The delegation outside the Foreign and Commonwealth Office in London

ETHNIC minorities will continue to suffer in Myanmar while it has a military dictatorship that wants to wipe them out, a representative of minorities from the north of the country has said in London.

Francis Zau Tu, a human-rights defender, said that “ethnic cleansing” was going on in Kachin and Shan states. “The people have been suffering for 60 years since the end of colonial rule. Rape, sexual violence, torture, and arbitrary arrest are just some of the human-rights abuses that have been meted out. The military and government make ethnic people seem wicked, and want to wipe them out. We will continue to suffer and flee unless we kick out the military dictatorship. Otherwise, generation to generation will suffer, as it already has.”

He is one of a group of six religious leaders, human-rights defenders, and activists rep­resent­ing the Kachin, Shan, and Ta’ang ethnic nationalities in Myanmar who travelled to London this month to press the case for action against its government.

In August, a report by the Independent International Fact-Finding Mission on Myanmar took the unprecedented step of naming six military commanders who should face prosecution, but said that this list was “not exhaustive”. It called on the UN Security Council to refer the findings to the International Criminal Court (News, 31 August).

Its publication came at the end of an 18-month fact-finding mission into alleged human-rights abuses, after the flight of more than 700,000 Muslim-minority Rohingya from Myanmar to Bangladesh in August last year.

Crimes documented in Kachin, Shan, and Rakhine states include murder, imprisonment, torture, rape, sexual slavery, persecution, and enslavement, which “undoubtedly amount to the gravest crimes under international law. Rape and other forms of sexual violence were perpetrated on a massive scale . . . part of a deliberate strategy to intimidate, terrorise, or punish a civilian population, and are used as a tactic of war.”
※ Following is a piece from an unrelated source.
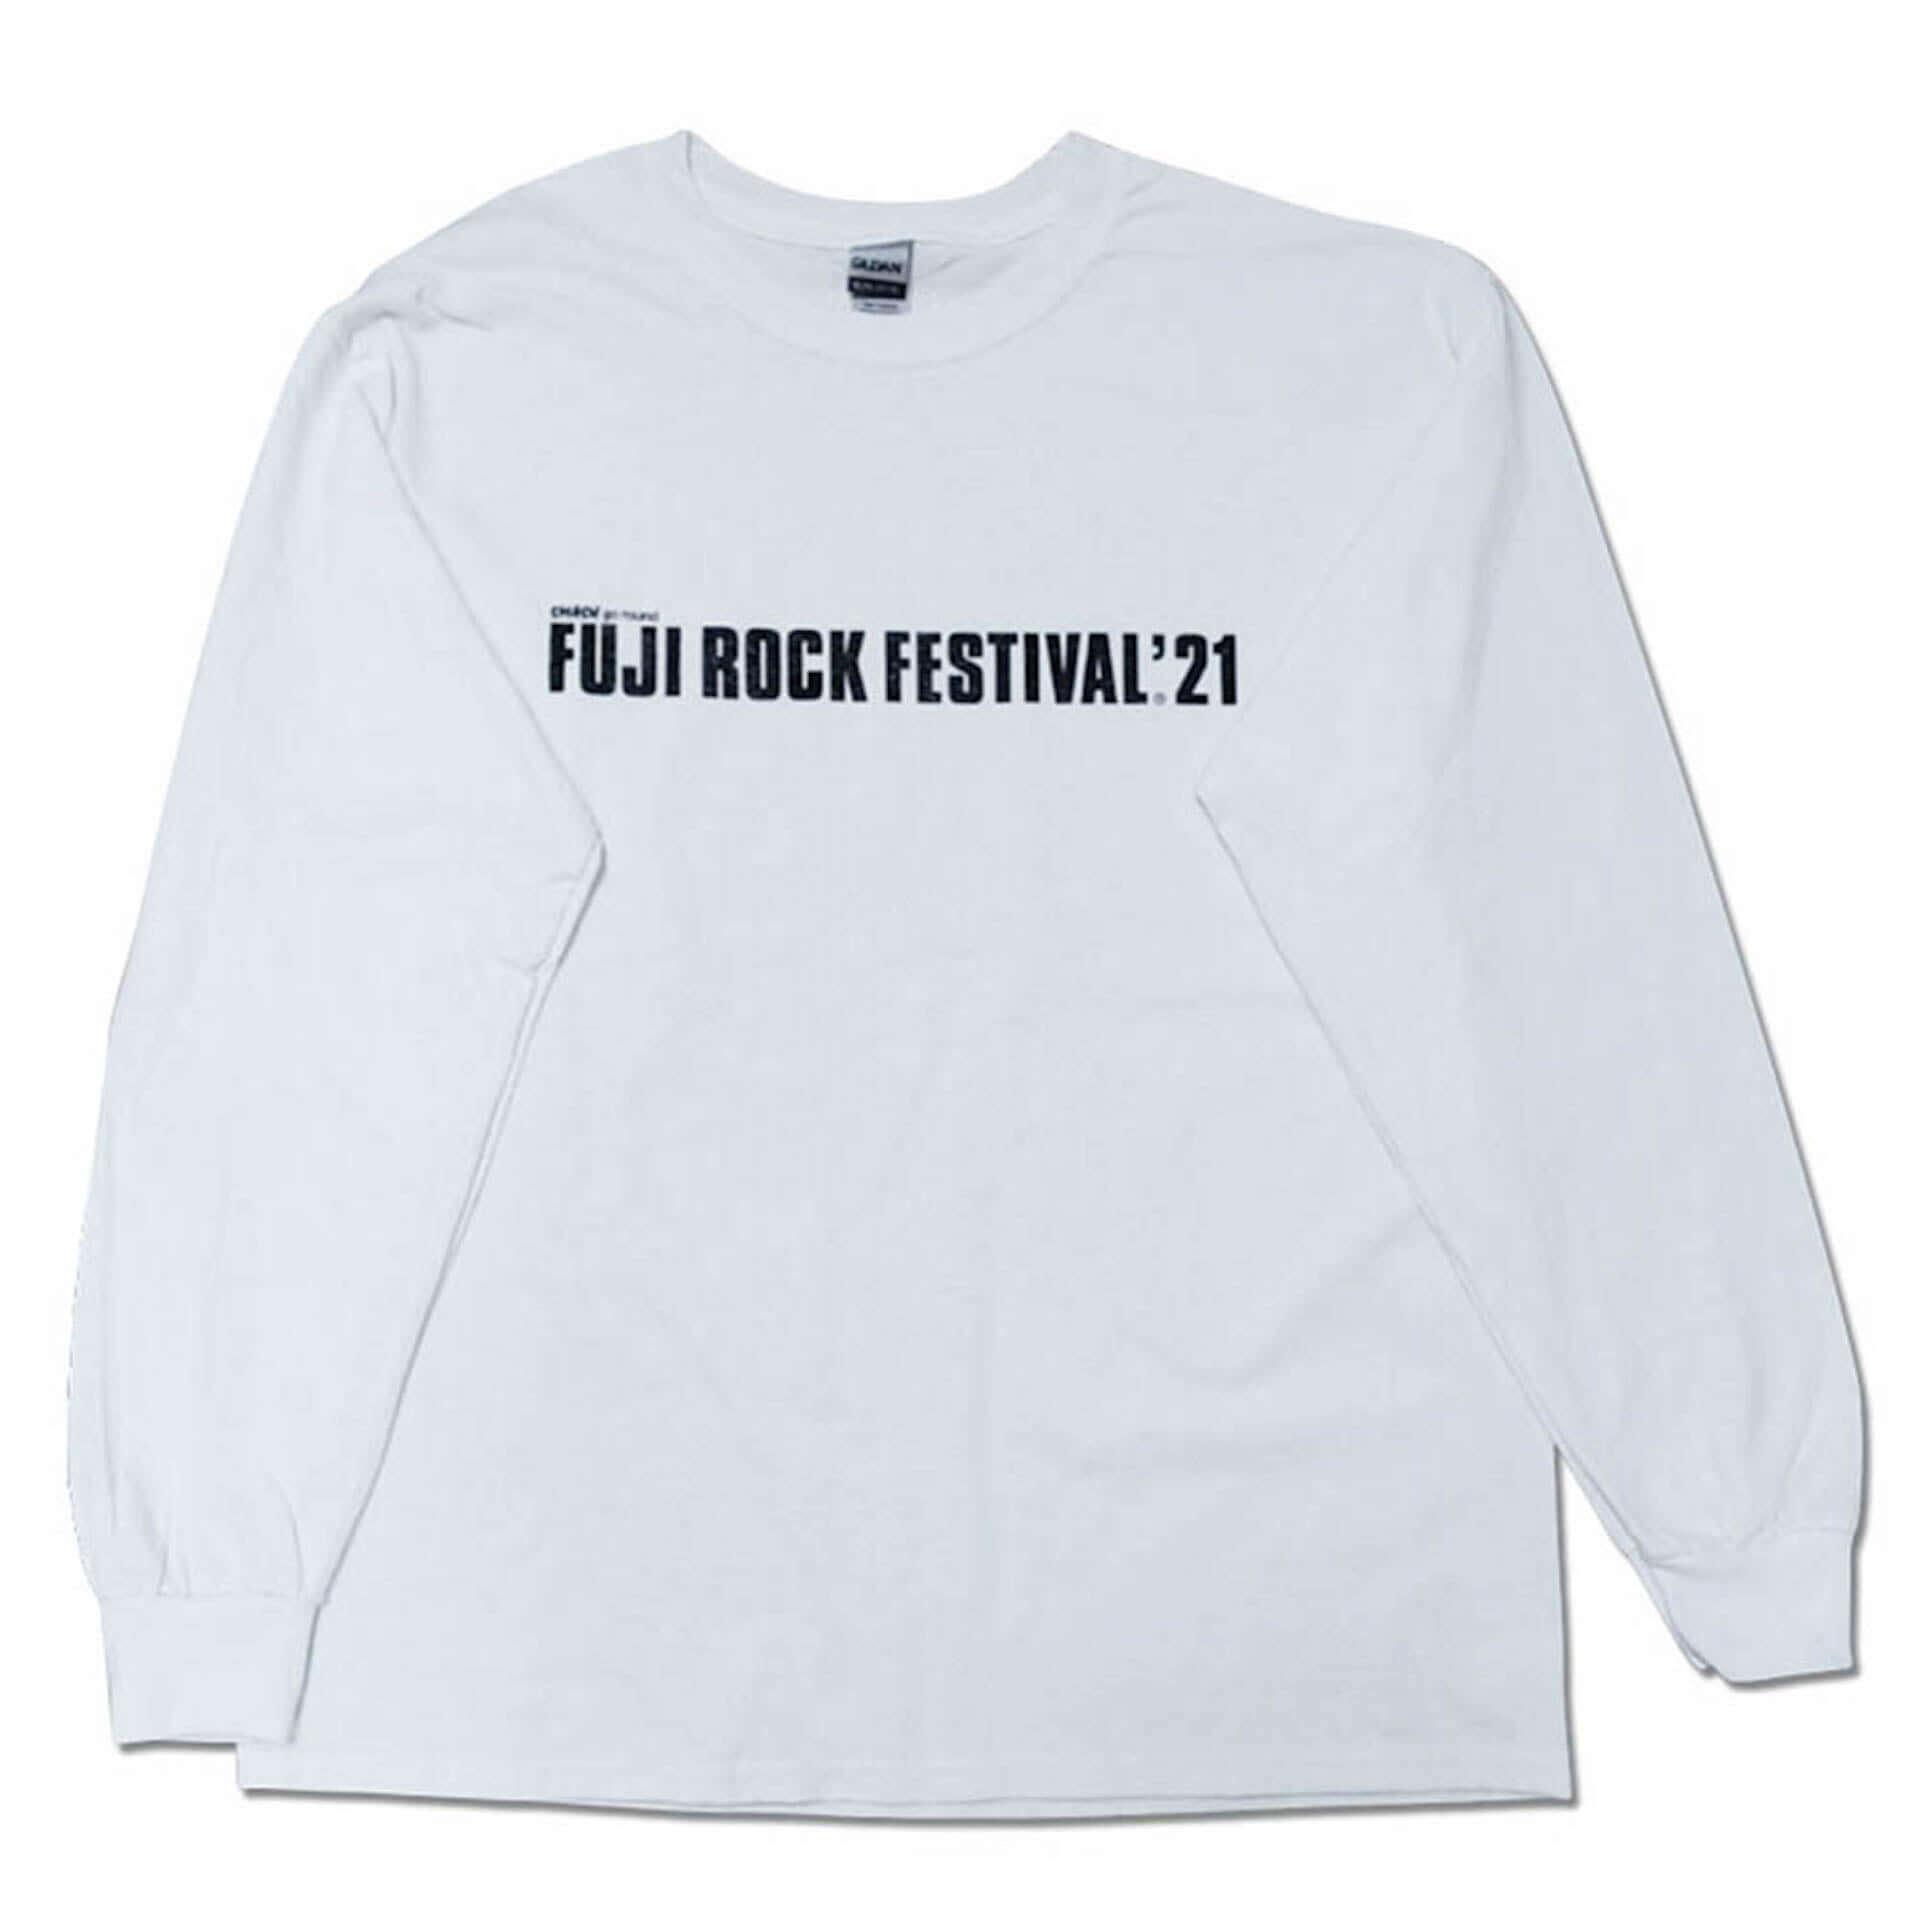 <FUJI ROCK FESTIVAL>公式グッズの新作が登場!大晦日イベント<KEEP ON FUJI ROCKIN' II>のチケットも明日発売 musicf201211_frf_18-1920x1920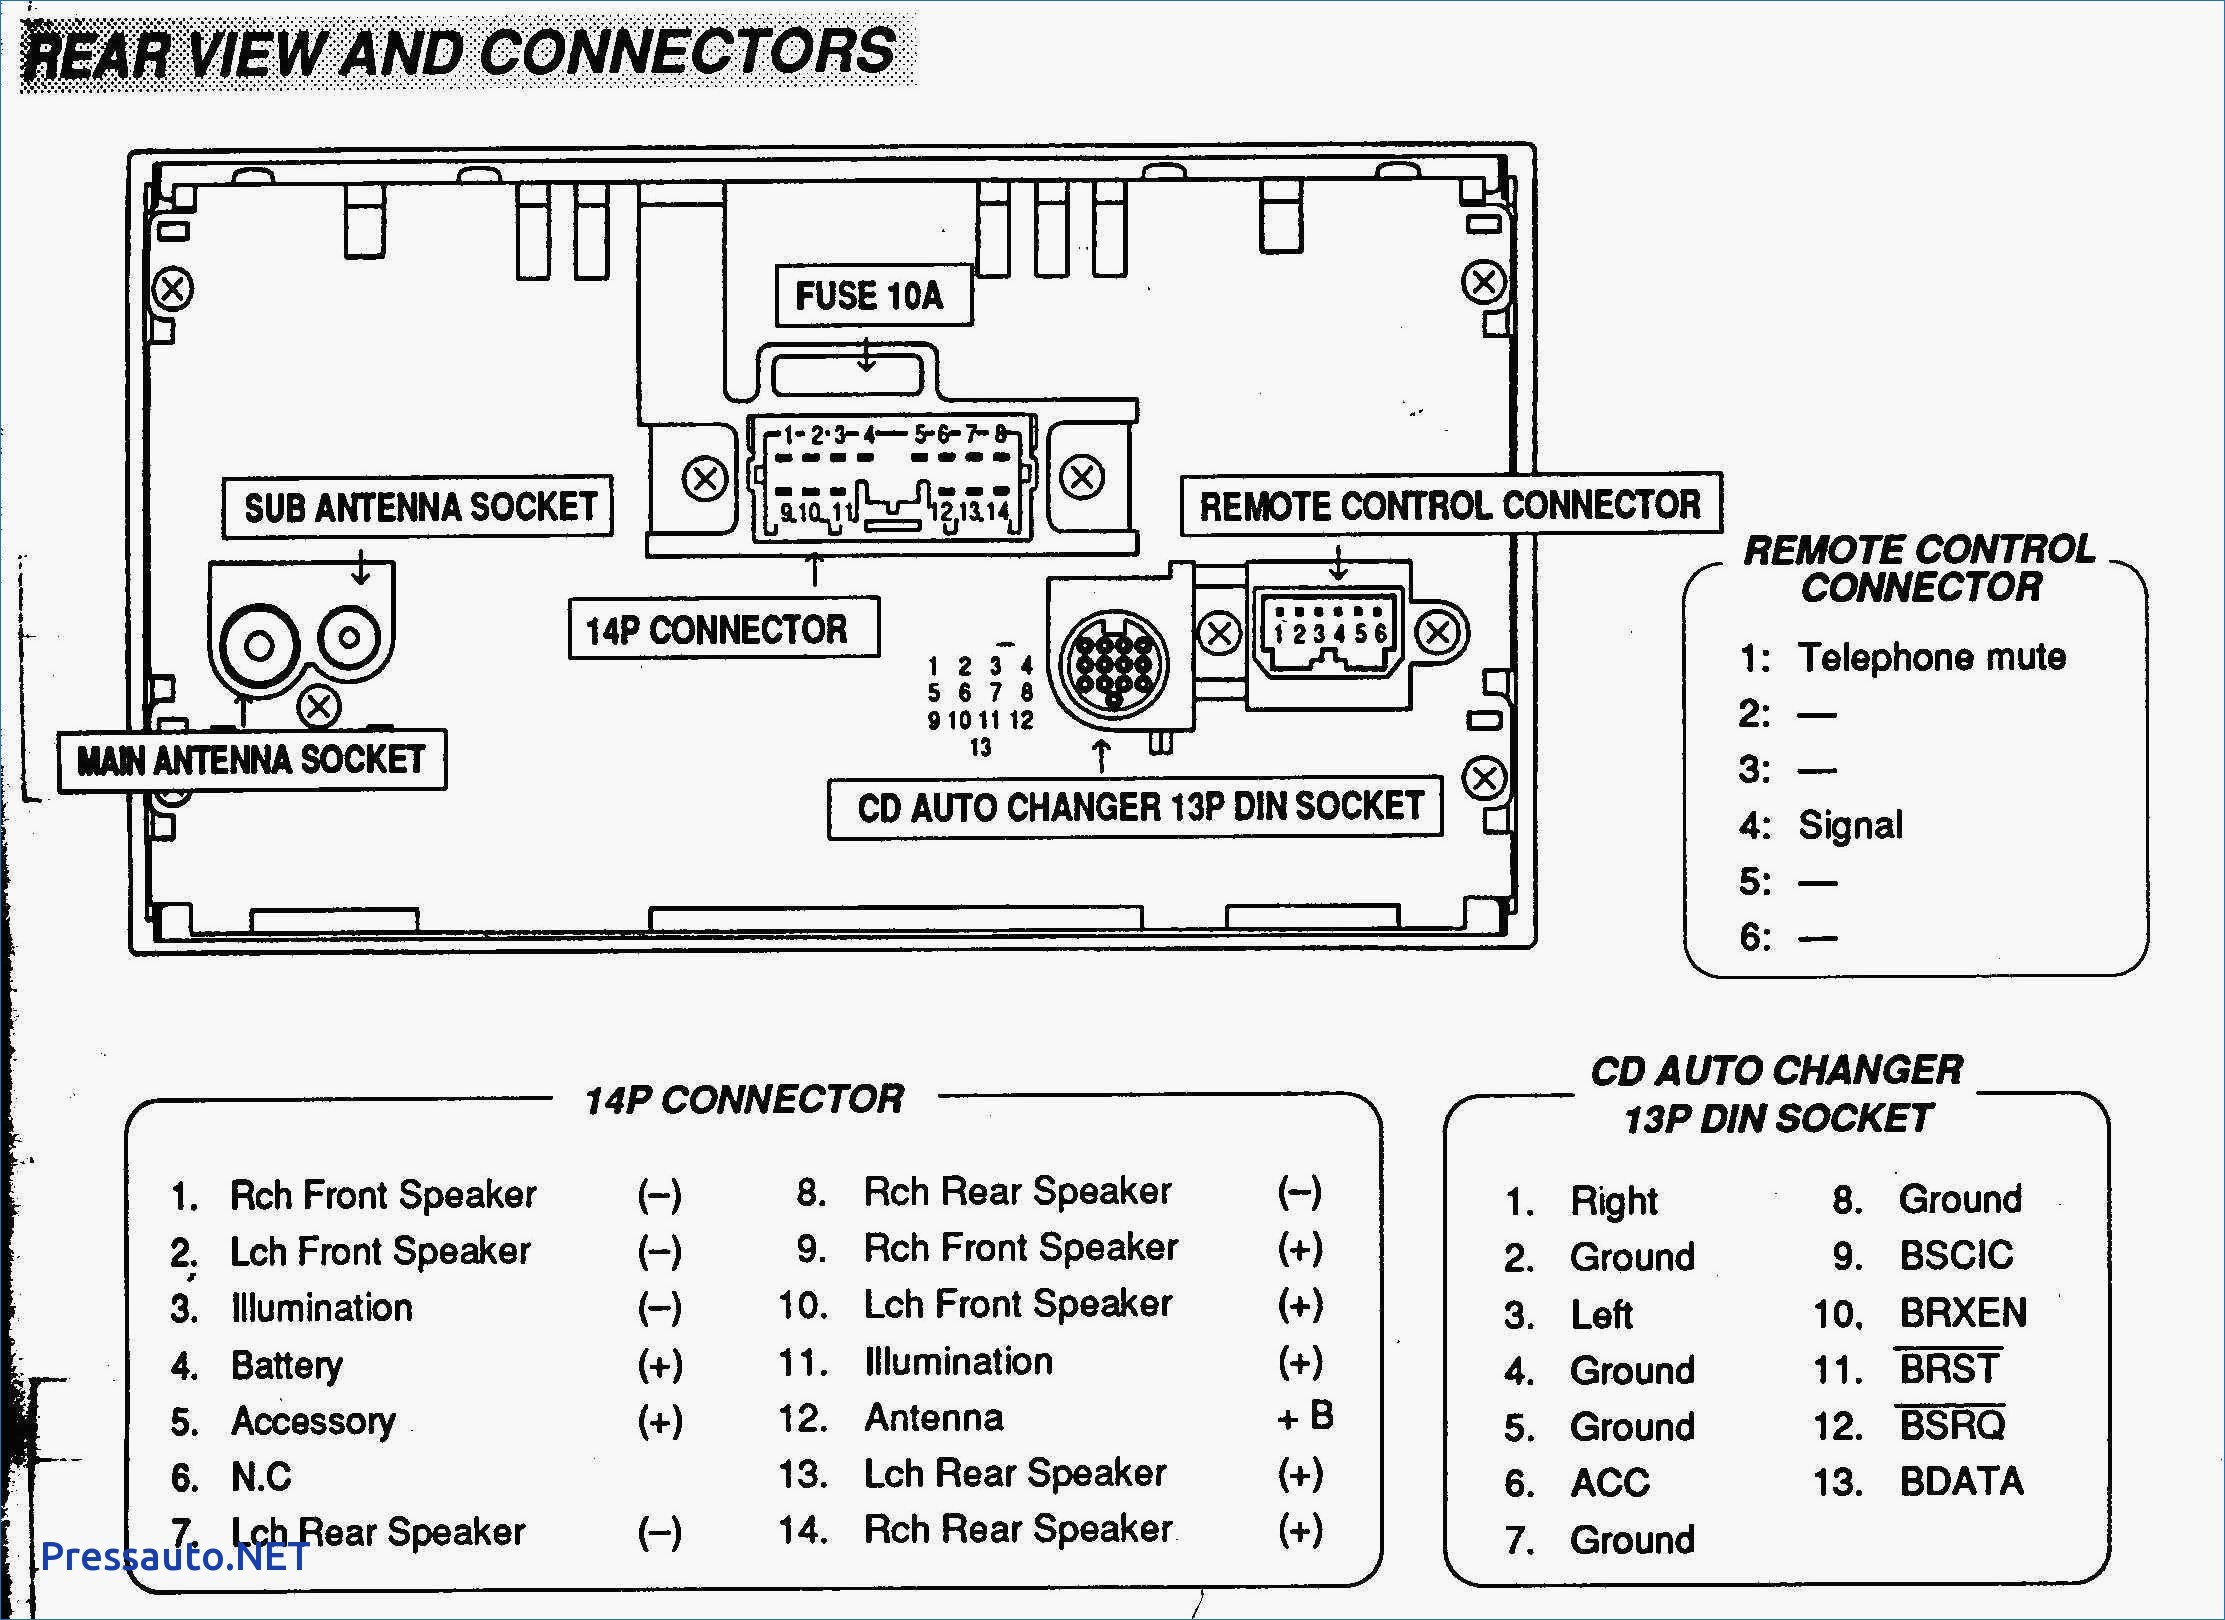 Vw Passat Engine Diagram 03 Jetta 2 0 Engine Diagram Another Blog About Wiring Diagram • Of Vw Passat Engine Diagram

Julia Marip, of the Kachin Women’s Association Thailand, said: “We see human-rights violations by the state and the military, and we think they are crimes against humanity. There needs to be accountability for these actions. Burma does not allow the UN team into the country, who would be monitoring human-rights violations; so my organisation has to meet them in Thailand, Indonesia, and Geneva.

“I joined this trip to make the international community aware that the peace process is not working, especially for some ethnic groups. . . What ethnic groups really want is a federal political system; the current peace process is working towards a unitary system.”

The delegation also met the Roman Catholic Auxiliary Bishop of Southwark, the Rt Revd Patrick Lynch. The majority in Kachin state is Christian.

Fr Paul Lahpai Awng Dang, an RC priest from Kachin state, said: “As the people suffer, the Church has also suffered. We cannot stay blind­folded: we are seeing the atrocities in Shan state. The special task that we have considered for oppressed people is getting justice and assist­ing with social support.”

CSW’s East Asia Team Leader, Benedict Rogers, said: “It has been a privilege to cohost this distinguished group of religious and ethnic representatives from northern Burma. . . We call on the international community to pay attention to human-rights violations in the entire country, and we urge action to end impunity, ensure accountability, and allow humanitarian aid to those who need it.”